The United States Should Be Wary of Engaging Cuba – The Geopolitics

We’ve been down this road before as a nation and the results weren’t promising.

The Wall Street Journal recently published several revelations regarding Chinese spying operations targeting the United States from Cuba, as well as the impending construction of a Chinese military base on the island, which sits just over ninety miles from the United States’ coastline. These reports have thrust Cuba back into the center of our national political discourse and have catalyzed a new call for United States’ re-engagement with Cuba. The members of this movement (foreign policy scholars, elected officials, and lobbyists of various stripes) justify their demands by promulgating the notion that a U.S. détente with Cuba would serve as an effective counterbalance to increasing Chinese influence on the island. 

This idea is not new; America’s enemies have had a strong presence in Cuba since Fidel Castro seized control of the island on Jan. 1, 1959, through a violent revolution, and interested parties in the United States have been insisting upon the adoption of a soft foreign policy towards the brutal dictatorship for just as long. However, this argument for rapprochement rests upon the belief that the United States’ efforts at accommodation would be matched in-kind, and that greater cooperation will eventually lead to a growth of U.S. influence on the island — which couldn’t be more wrong. The United States has been down this road before and the resulting historical record couldn’t be more harrowing.

In the early seventies, Nixon’s administration attempted to re-establish relations with Castro’s Cuba, utilizing Secretary of State Henry Kissinger as an intermediary.  Unfortunately, the United States – under President Nixon – began discussions with Cuba, only to be forced to abandon these efforts during the early years of the Ford administration due to Castro’s dedicated support for terrorism abroad and due to Cuba’s various disastrous international interventions (e.g., Angola in 1975).

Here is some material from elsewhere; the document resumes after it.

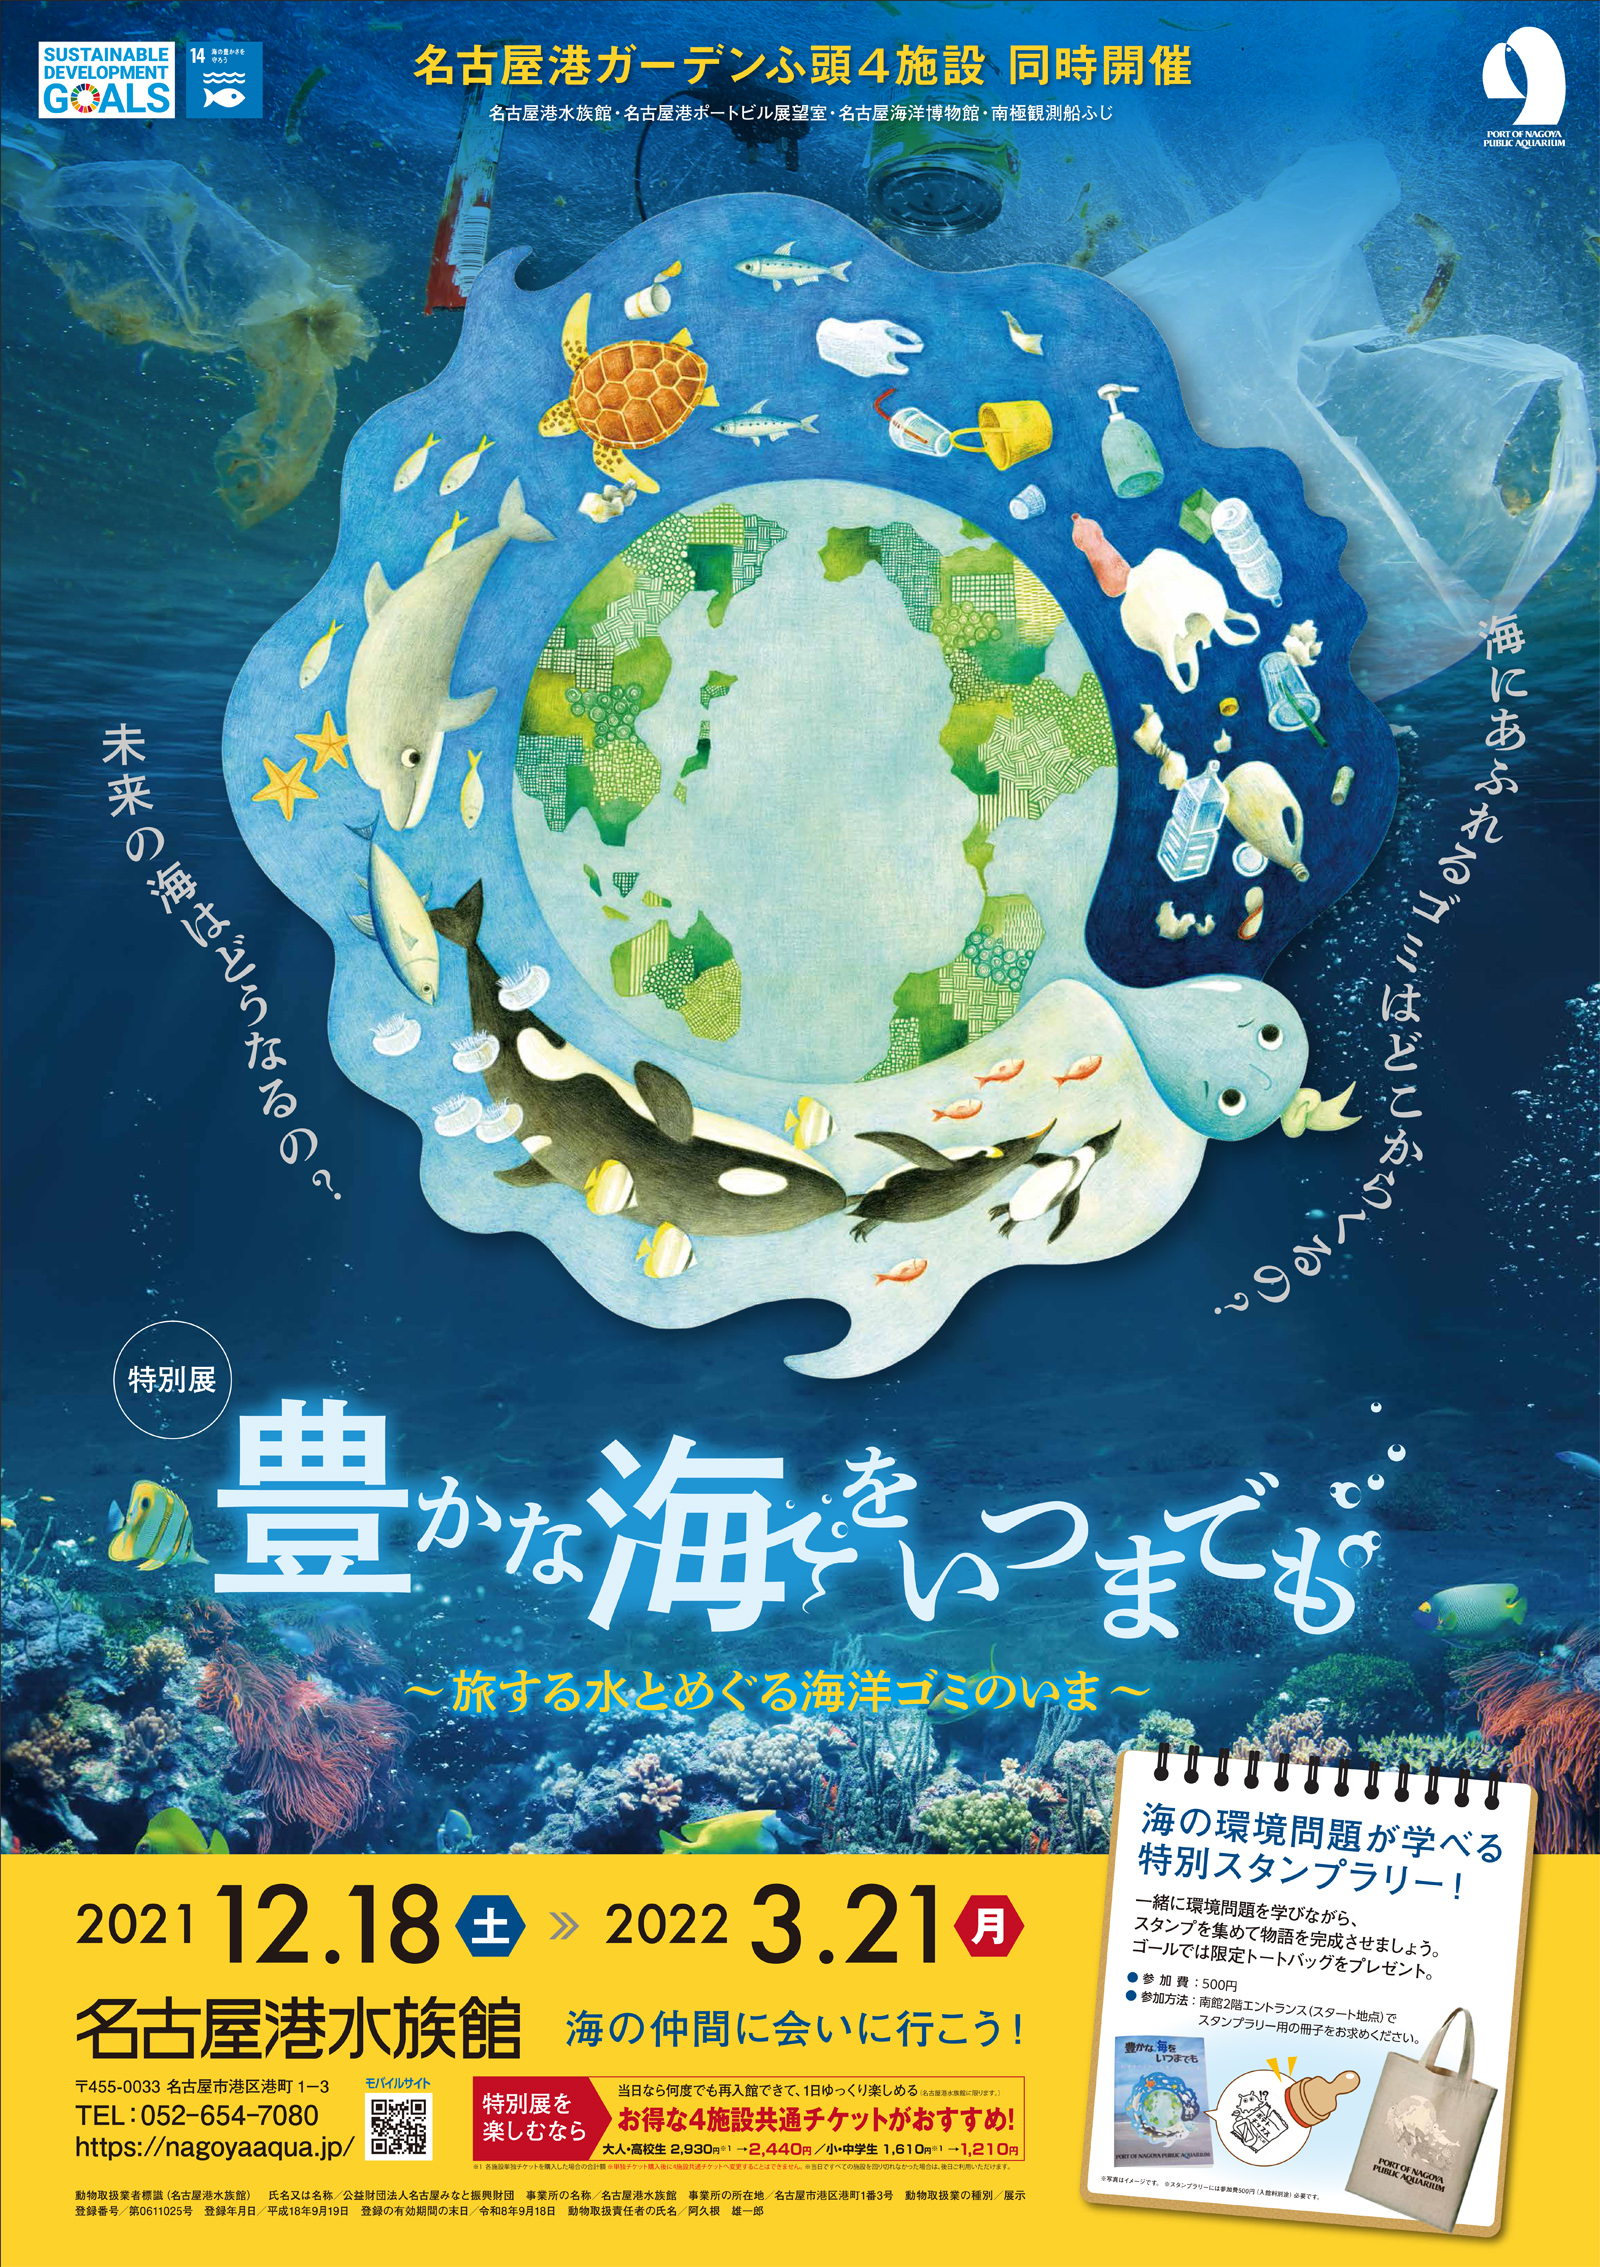 名古屋港水族館 特別展 豊かな海をいつまでも 旅する水とめぐる海洋ゴミのいま を開催します 公益財団法人 名古屋みなと振興財団のプレスリリース

In the nineties, Bill Clinton attempted his own version of re-engagement with Cuba, which, unbeknownst to the US government, was simultaneously operating a large spy network in the United States, known as the Wasp Network. This spy network was tasked with collecting damaging information on the United States, but it was also tasked with planning terrorist attacks on American targets, and conducting assassinations of American citizens. The Cuban government also responded by shooting down two unarmed American civilian aircraft, resulting in the death of 4 American citizens.

When Obama first began to restore Cuban relations in 2009, Cuba responded by seizing and imprisoning Alan Gross, an American citizen performing human rights-related work on the island. In 2013, Cuba was caught smuggling weapons to North Korea, in violation of a litany of international sanctions. In 2016, Cuba was caught receiving smuggled weapons from China. Additionally, in 2015 when an American diplomatic delegation was visiting Cuba, the island’s government invited a Russian spy ship into Havana’s harbor as a symbol of Russia’s and Cuba’s unbreakable alliance. Finally, during Obama’s “Cuban Thaw,” multiple human rights organizations reported a drastic increase (rather than the expected decrease) in Cuban oppression of its citizens.

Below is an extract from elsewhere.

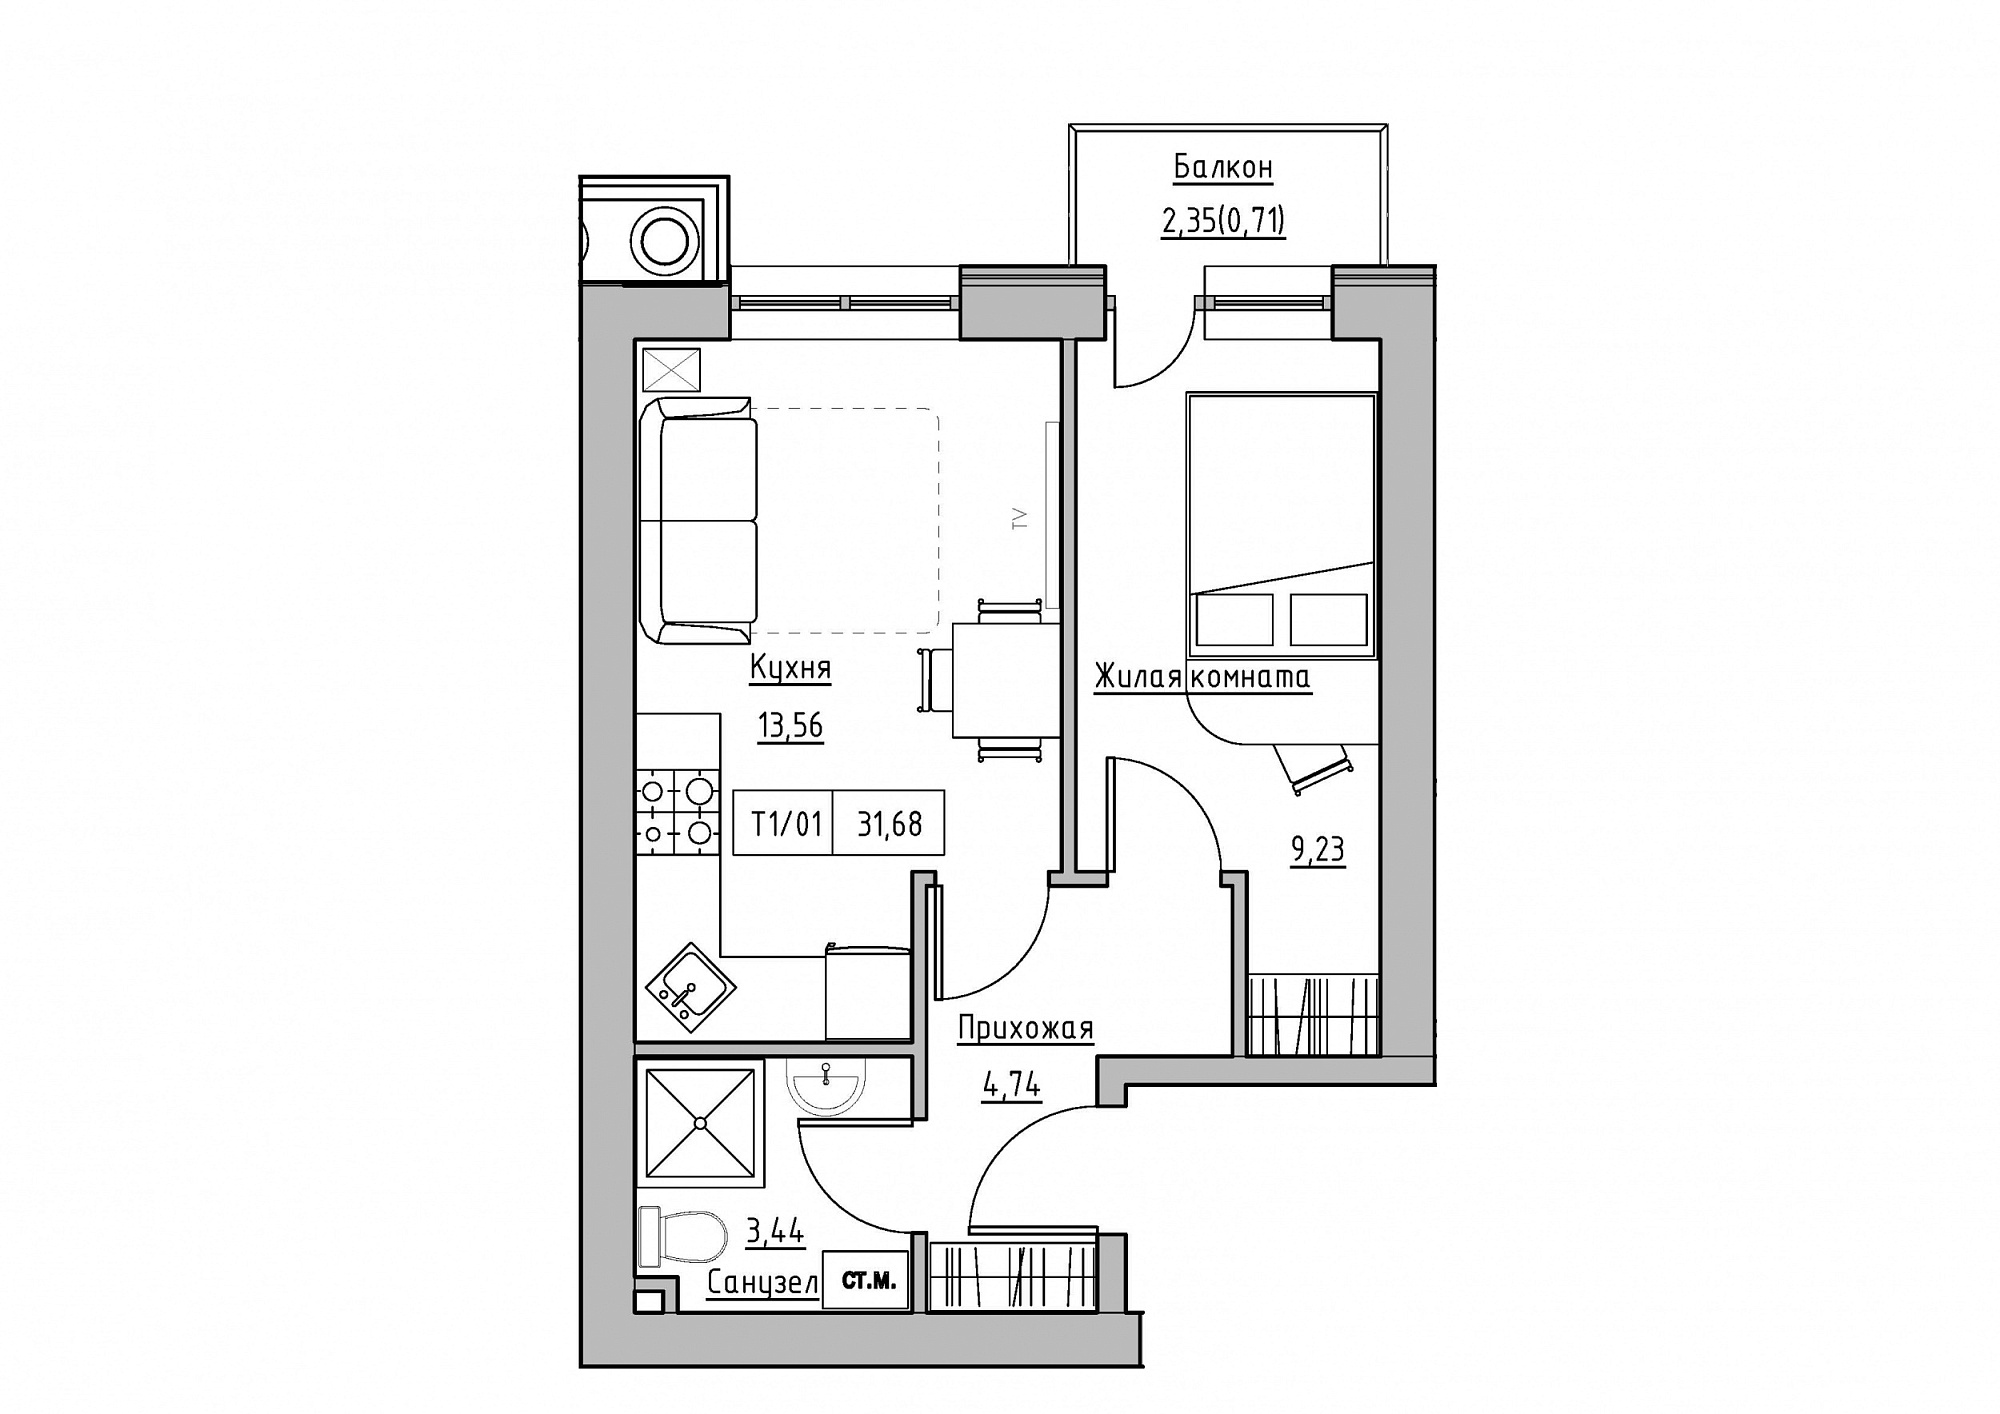 Планировка 1-к квартира площей 31.68м2, KS-011-04/0013.

In 2012, on July 23rd, Cuban government agents brutally murdered the island’s foremost human rights activists, Oswaldo Payá and Harold Cepero. The Cuban regime acted with impunity, despite being actively engaged in negotiations with the United States over a proposed prison exchange, for the release of Alan Gross. Over ten years later, on June 9th, 2023, the Organization of American States (OAS) finally released its investigative report confirming the Cuban regime’s culpability in the death of these two men. Additionally, this report outlined the continuous harassment to which Payá was exposed for years prior to his extra-judicial killing, intimidation which caused him to relocate his wife and children out of fear for their safety.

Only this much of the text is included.